I agree! But we have to try and work with it for some time to know?

I wonder what young bass trombone players like bigbassbone1 and others think;

Is it possible to make a 1 1/2g sound good and work in modern solo, jazz and classical orchestras?

Leif

It's nice to be referred to as young, I haven't heard that for a while  :D

Savio, absolutely I think it's possible. I think that is is possible to make almost any gear work, depending on who the player is.
I have met and heard many players around the world who sound amazing on some really unusual gear, but they tend to be players who are quite well established in how they play, and are looking for a specific quality to their sound.

I think a 1 1/2 is a great size to introduce pretty much everyone to playing the bass trombone.
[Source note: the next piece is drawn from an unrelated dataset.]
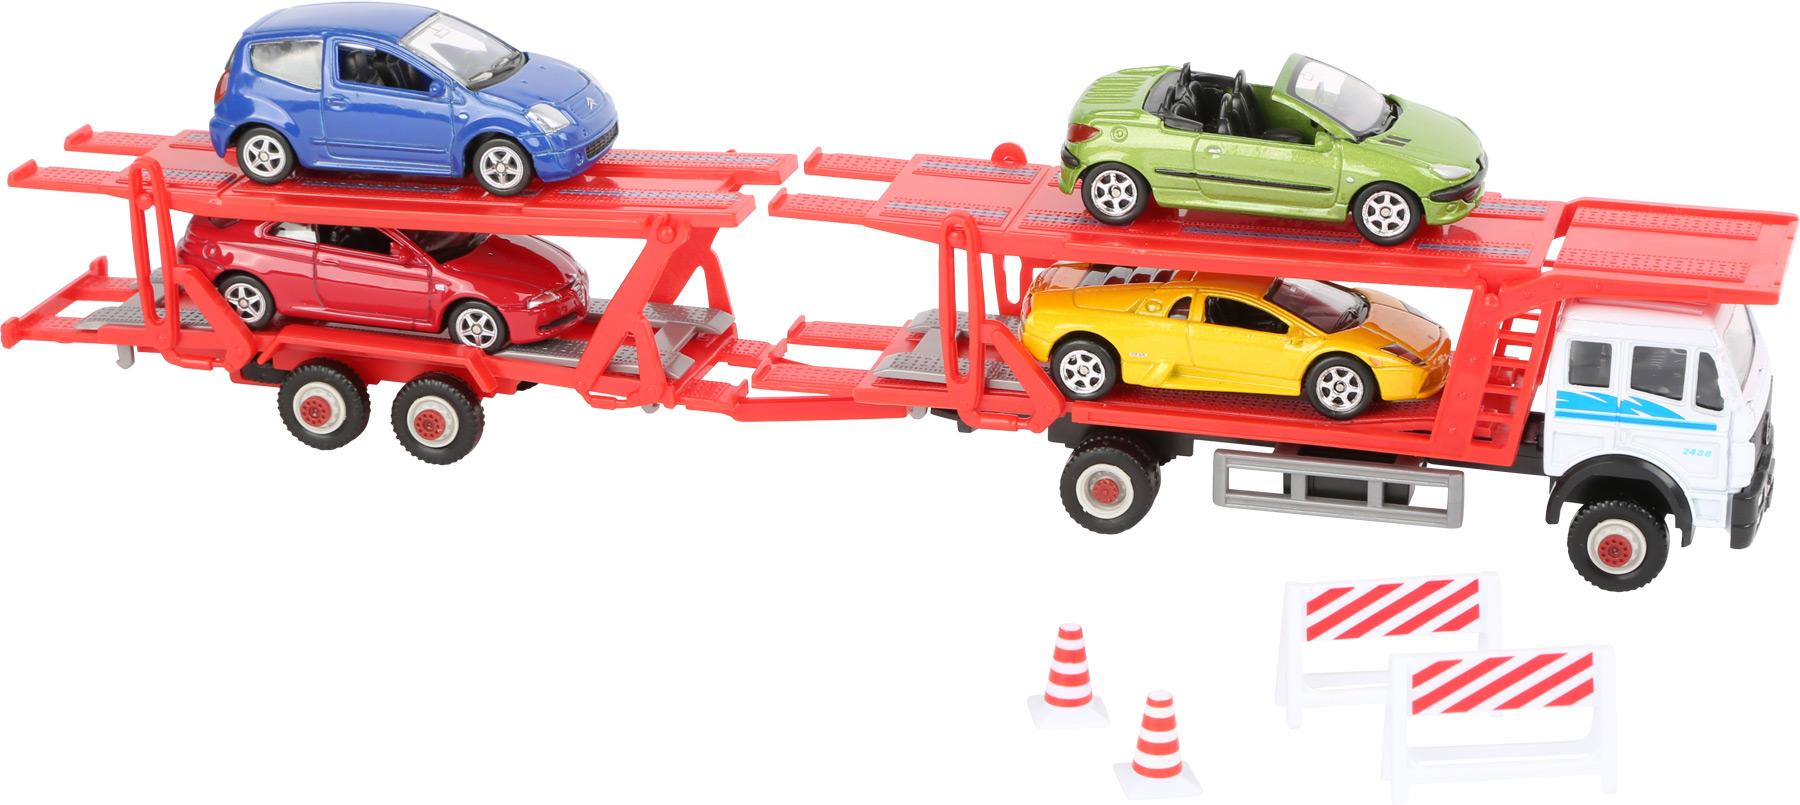 Small Foot Kamión s modelmi áut

It is manageable for young players and is big/small enough to make any aspect of bass trombone playing possible. For some, that is so they ever need and sound fantastic on it. I learnt from a bass trombone player for many years who pretty much played a 1 1/2G for his entire professional career and he had an awesome sound.

Having said that, in MY experience, I have heard less players that make their best sound on a 1/2 G than I have heard players who do. I find that the danger of someone playing a 1 1/2 G who can't "handle" it (for lack of a better term  :D ) is that they get quite an aggressive sound at higher volumes which can be very difficult to blend with as a tenor or tuba player. I also hear less than more players on 1 1/2's that struggle to sit inside the sound of the tuba when required.

My findings are of course very general. There are dangers that are just as bad when people play mouthpieces that are too big for them also.

The OP is looking specifically for a mouthpiece in SIZE that is between a 1 1/4 And a 1 though. The 1 1/2 is not that.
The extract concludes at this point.